You made a numerical error in your value of \mu. If your mass for a carbon atom is ~10^-26kg and your mass for an oxygen atom is ~10^-26kg, there's no way the reduced mass will be ~10^-20kg. Fix that first. As for the units, Planck's constant \hbar is in J s (joule-seconds). Maybe breaking this (and everything else) down into base units (kg, m, s) will help. Just a heads up, you also forgot the "root" part of "root mean square."

 

[terp.asessed]

Hello--thanks you for the reply--so, you're right, I miscalculated: μ = 1.14 x 10^-26 kg

Also, since,
ℏ = J*s = kg*m²/s²...is omega a right unit for w?

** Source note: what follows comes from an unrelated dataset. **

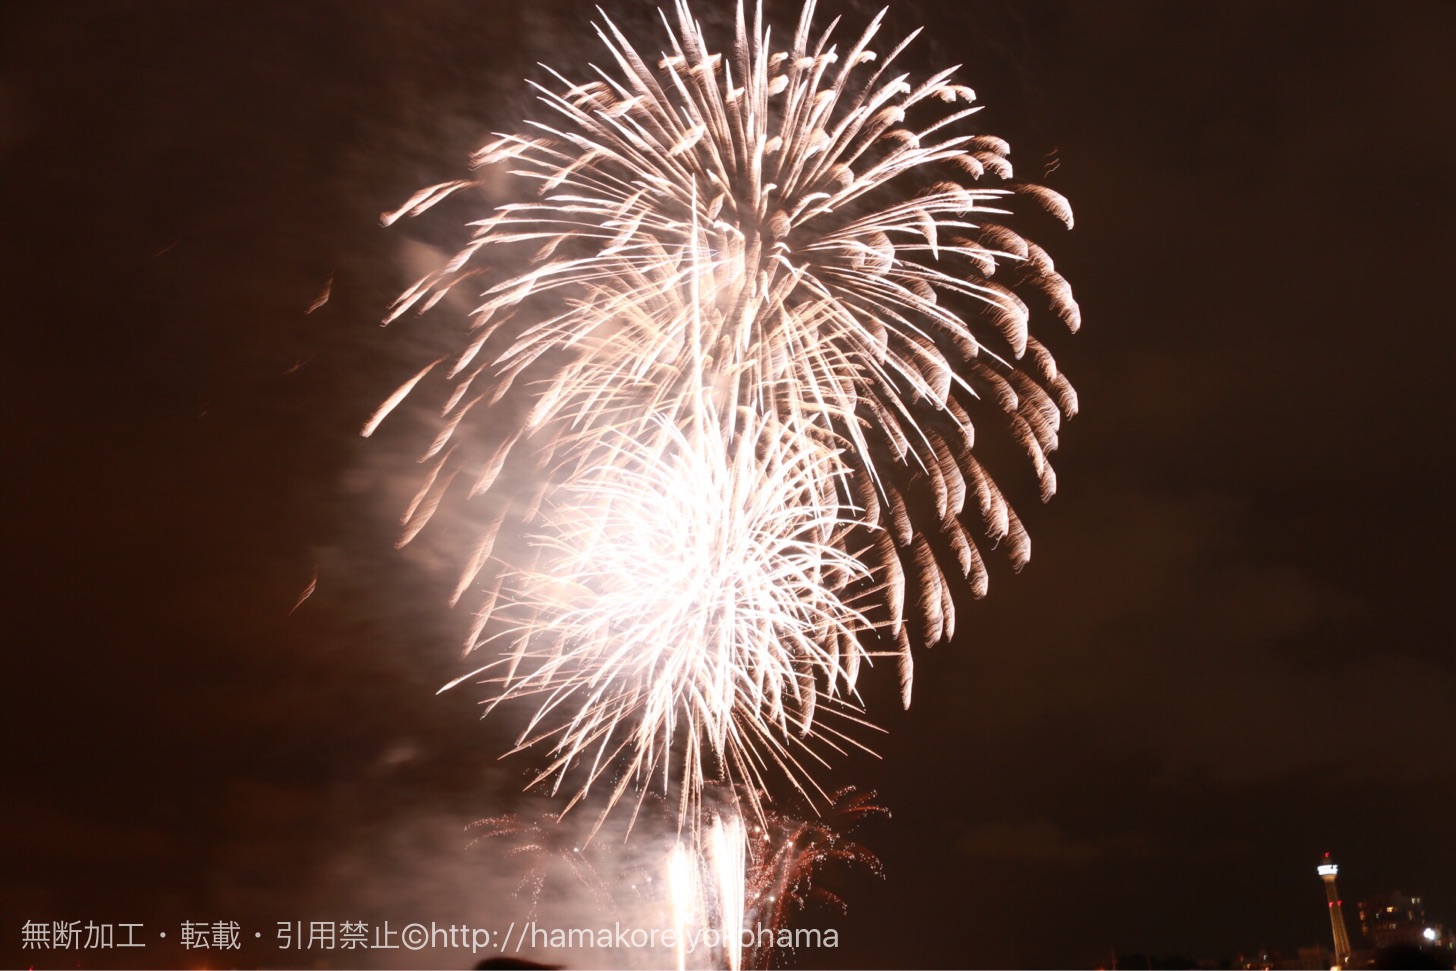 2018年 横浜花火大会「横浜スパークリングトワイライト」は7月14日・15日開催！花火観賞席も

w = (h/(2pi))1/(0.07mu) = 1.32 x 10-7 (J*s)/kg = 1.32 x 10-7 m²/s...? Did I make mistake? It is of acceleration unit, not velocity...
Aside, could you please clarify by what you mean by "root part of the root mean square"? If you could, thanks!

 

[TeethWhitener]

You're close with \hbar. Joules are kg*m²/s² (you can remember this by recalling that joules are a measure of energy and kinetic energy is \frac{1}{2}mv^2), so J*s is kg*m²/s. Also, it's clear that you know that \mu has units of kg, but 0.07 also has units. This comes from the root mean square of distance, which, by the way, is \sqrt{\langle x^2 \rangle - \langle x \rangle ^2 } not just \langle x^2 \rangle - \langle x \rangle ^2 The units of rms distance are the same as the units of plain old distance, which in this case is just angstroms. Hopefully that should get you started.